**INFORMATION PROVIDED:**

^^^^^^^^

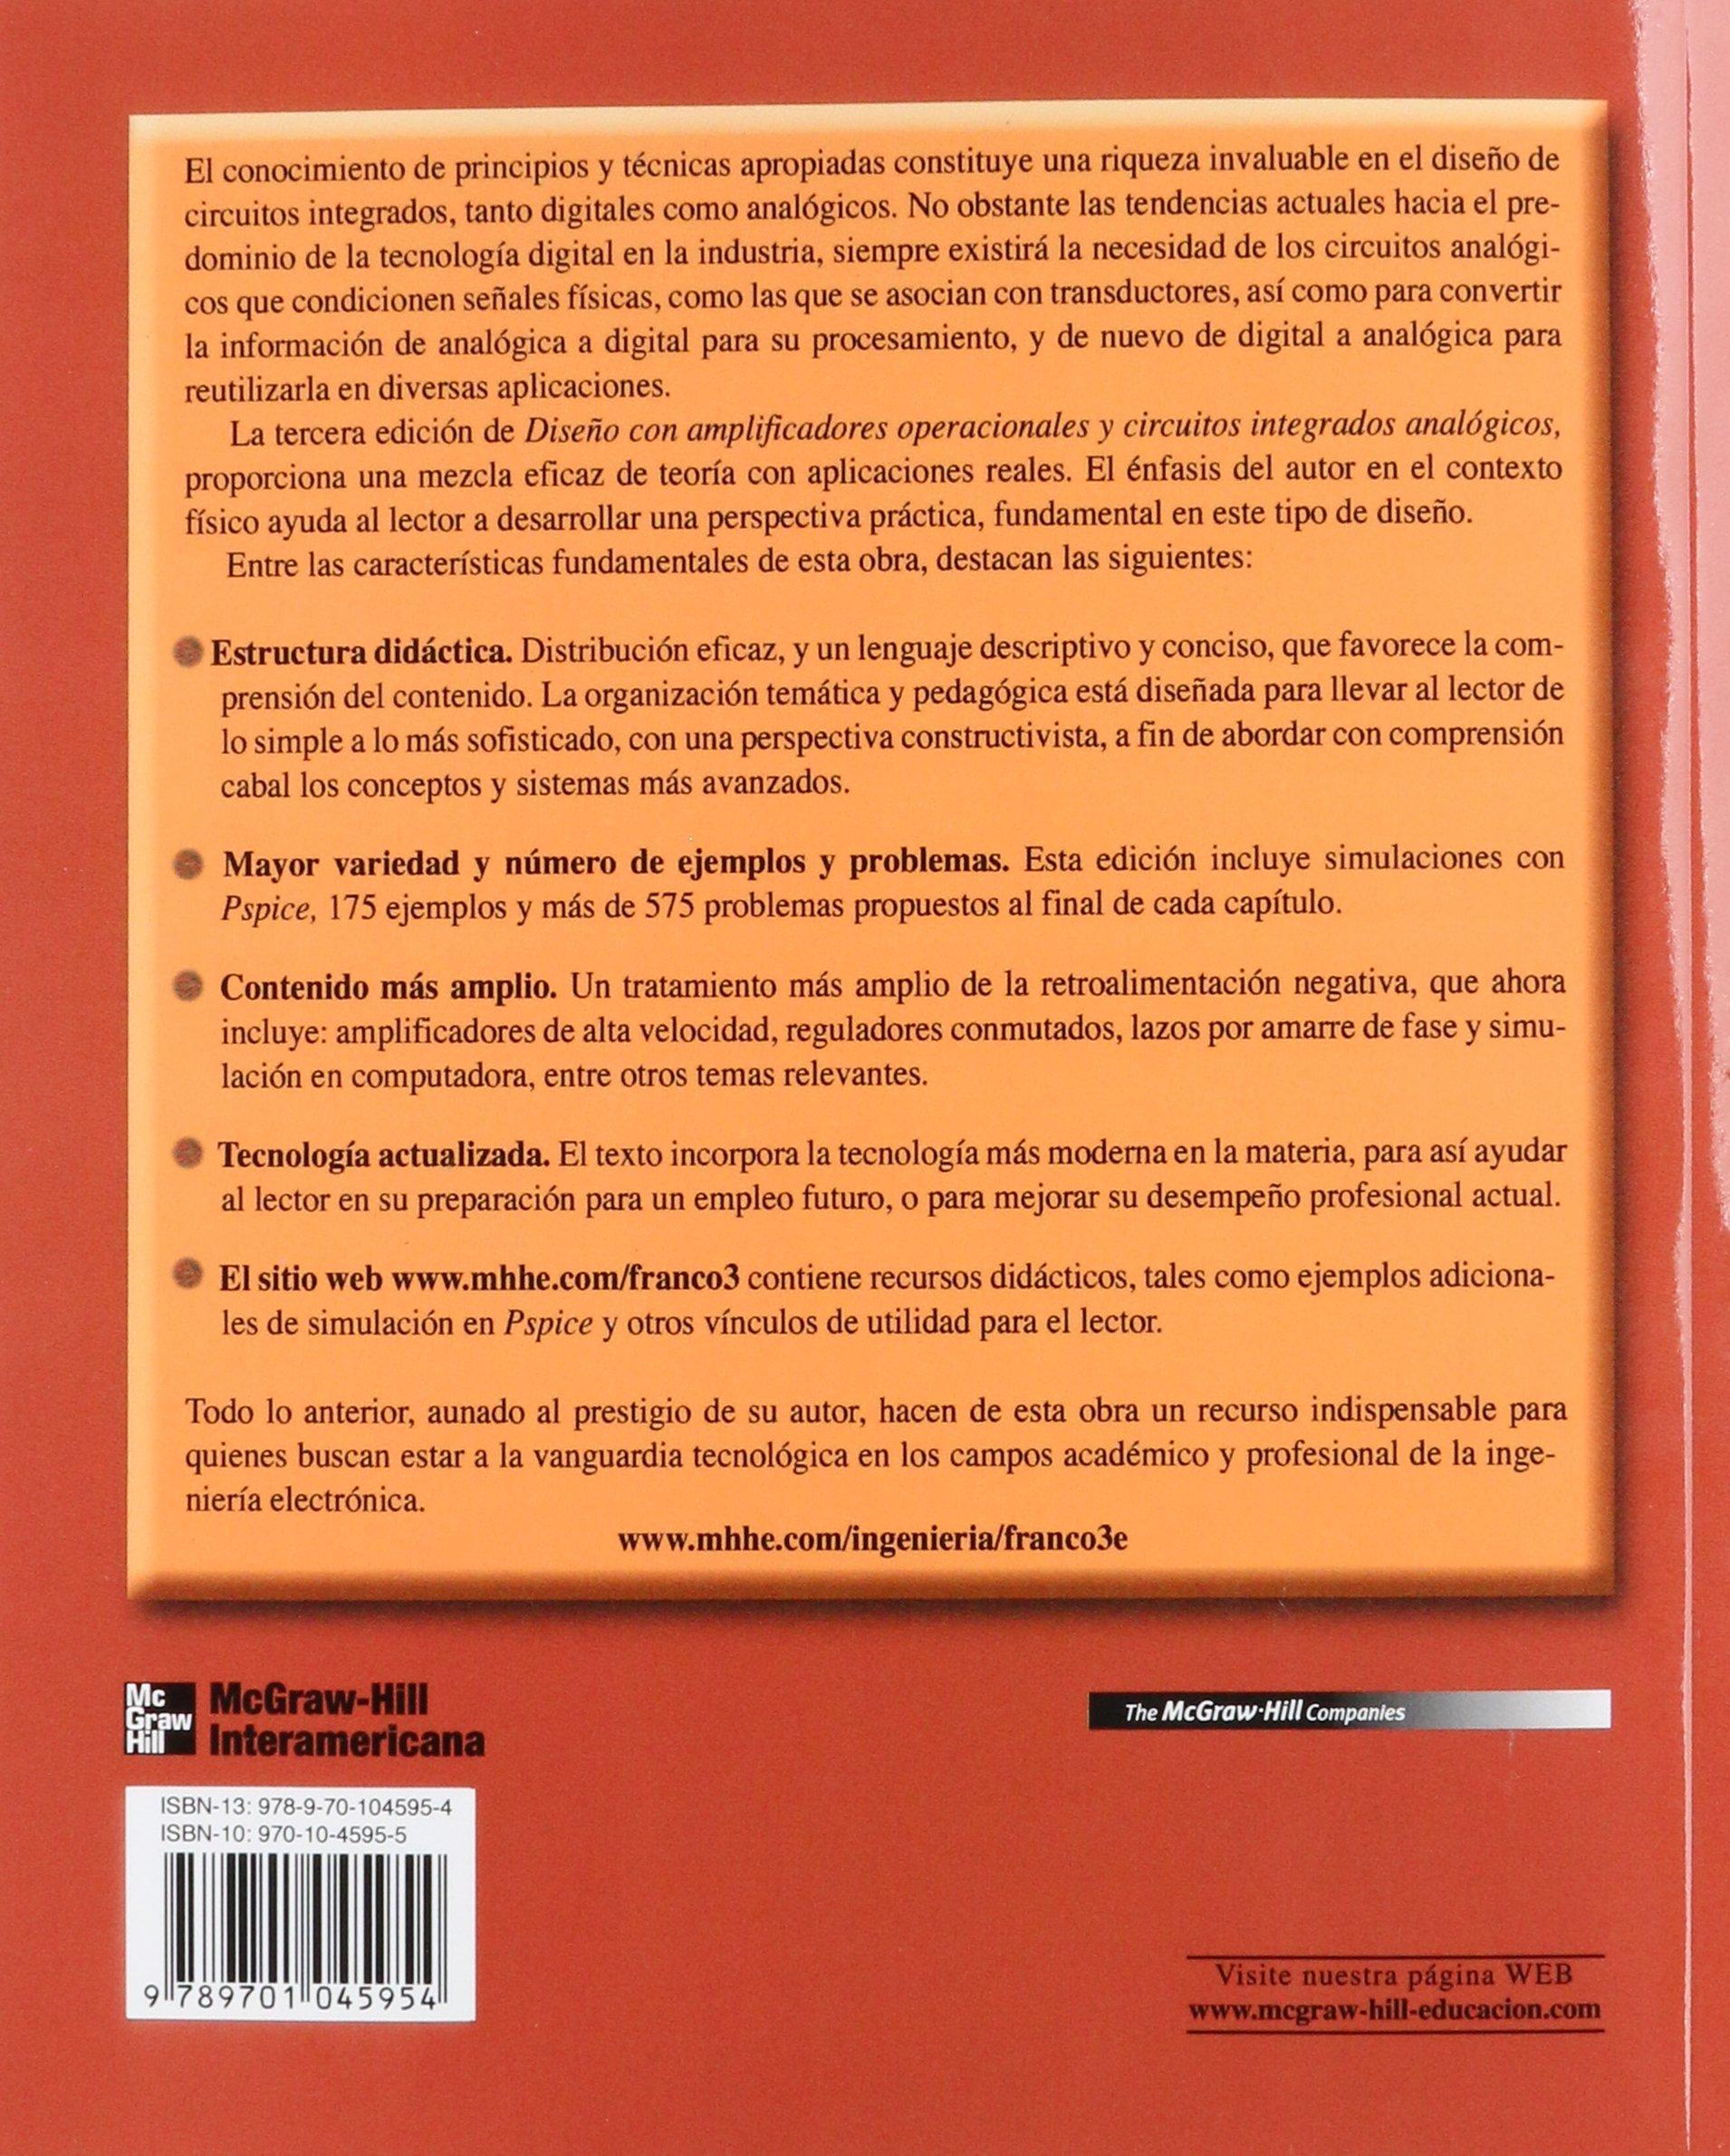 DISENO CON AMPLIFICADORES OPERACIONALES: Varios: 9789701045954: Amazon.com: Books
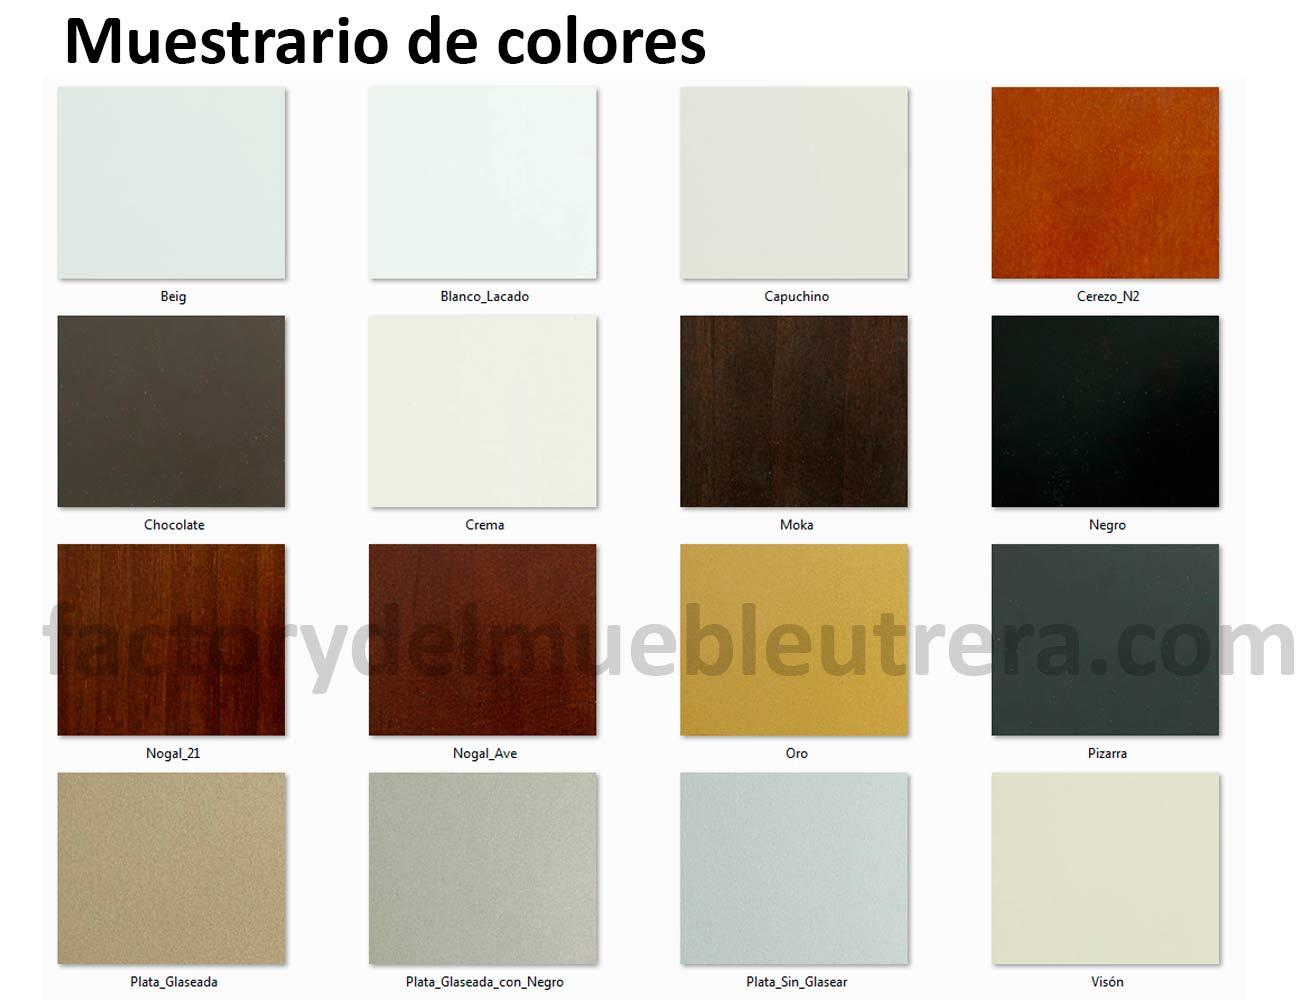 Colores web nueva23
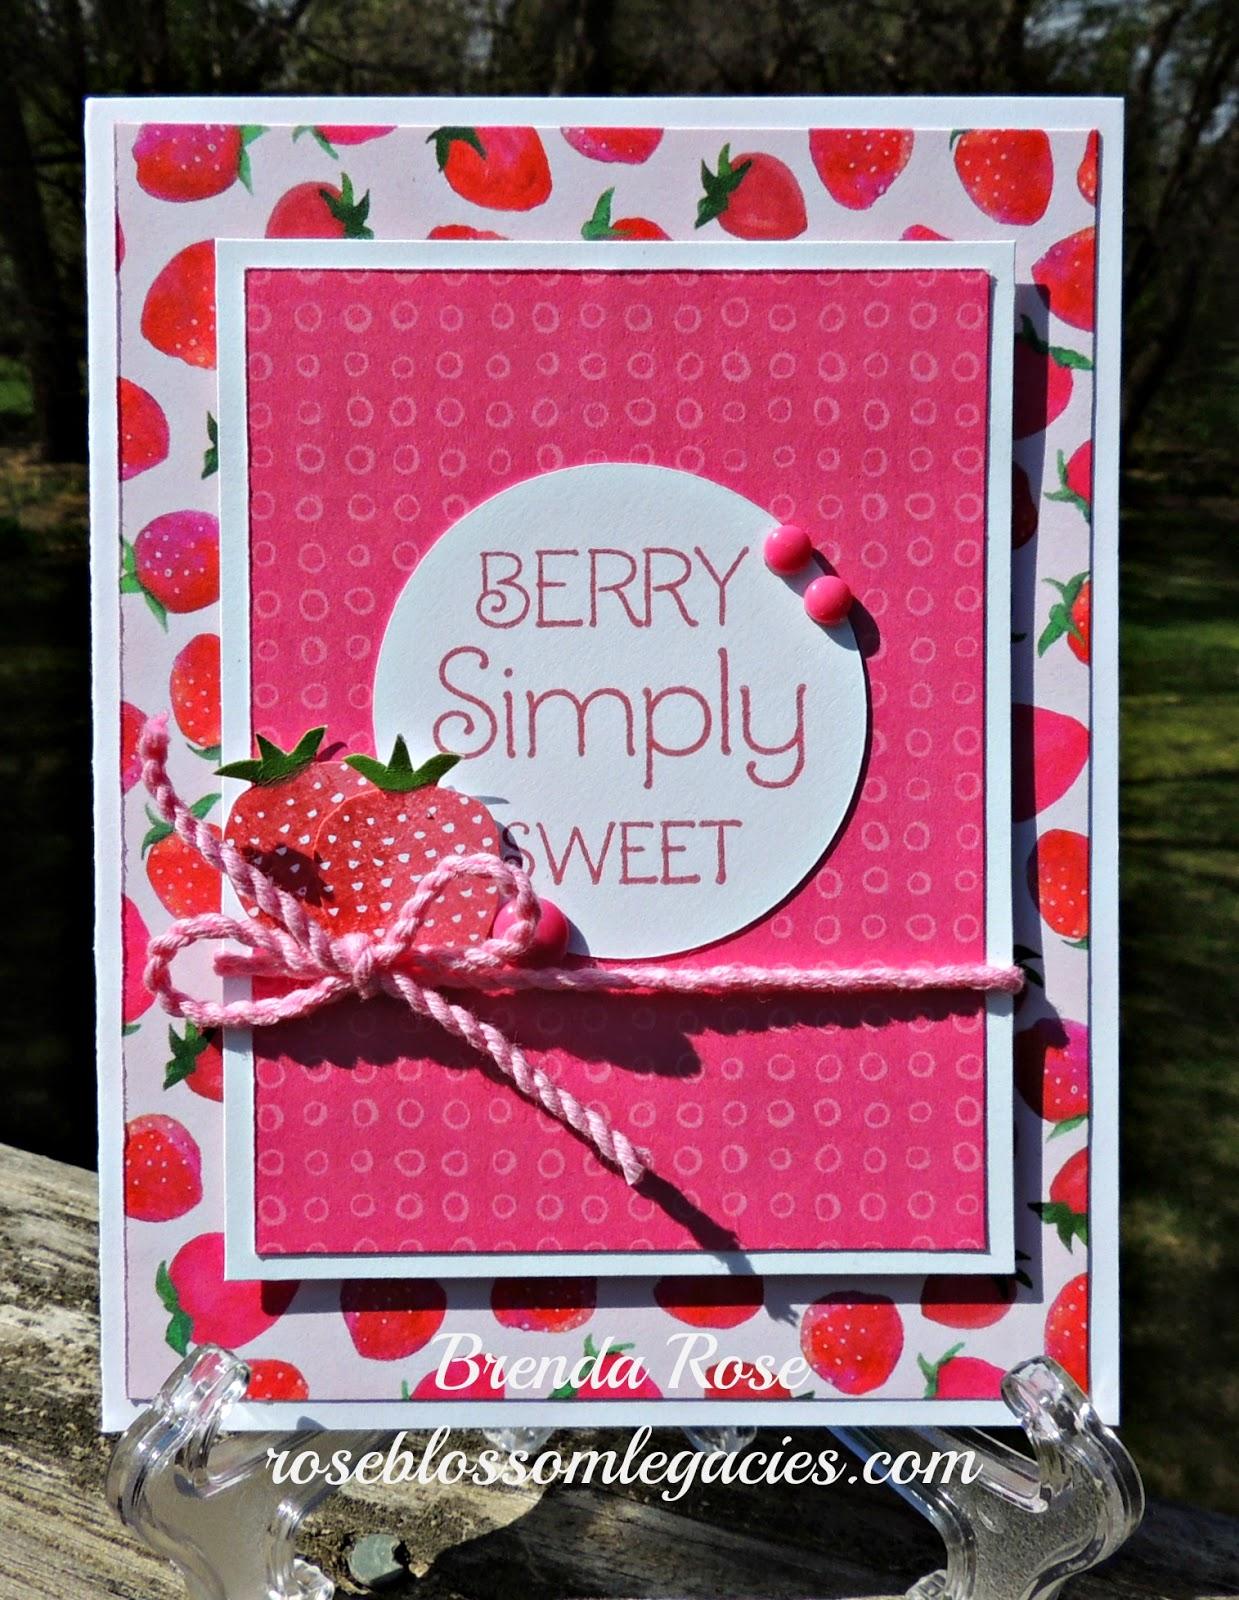 rose blossom legacies  taste of summer card workshop

^^^^^^^^

Leaving every picture out, write out exactly the lines from the one that holds "Colores web nueva23" through the end of the listing, both included.

 Colores web nueva23
 rose blossom legacies  taste of summer card workshop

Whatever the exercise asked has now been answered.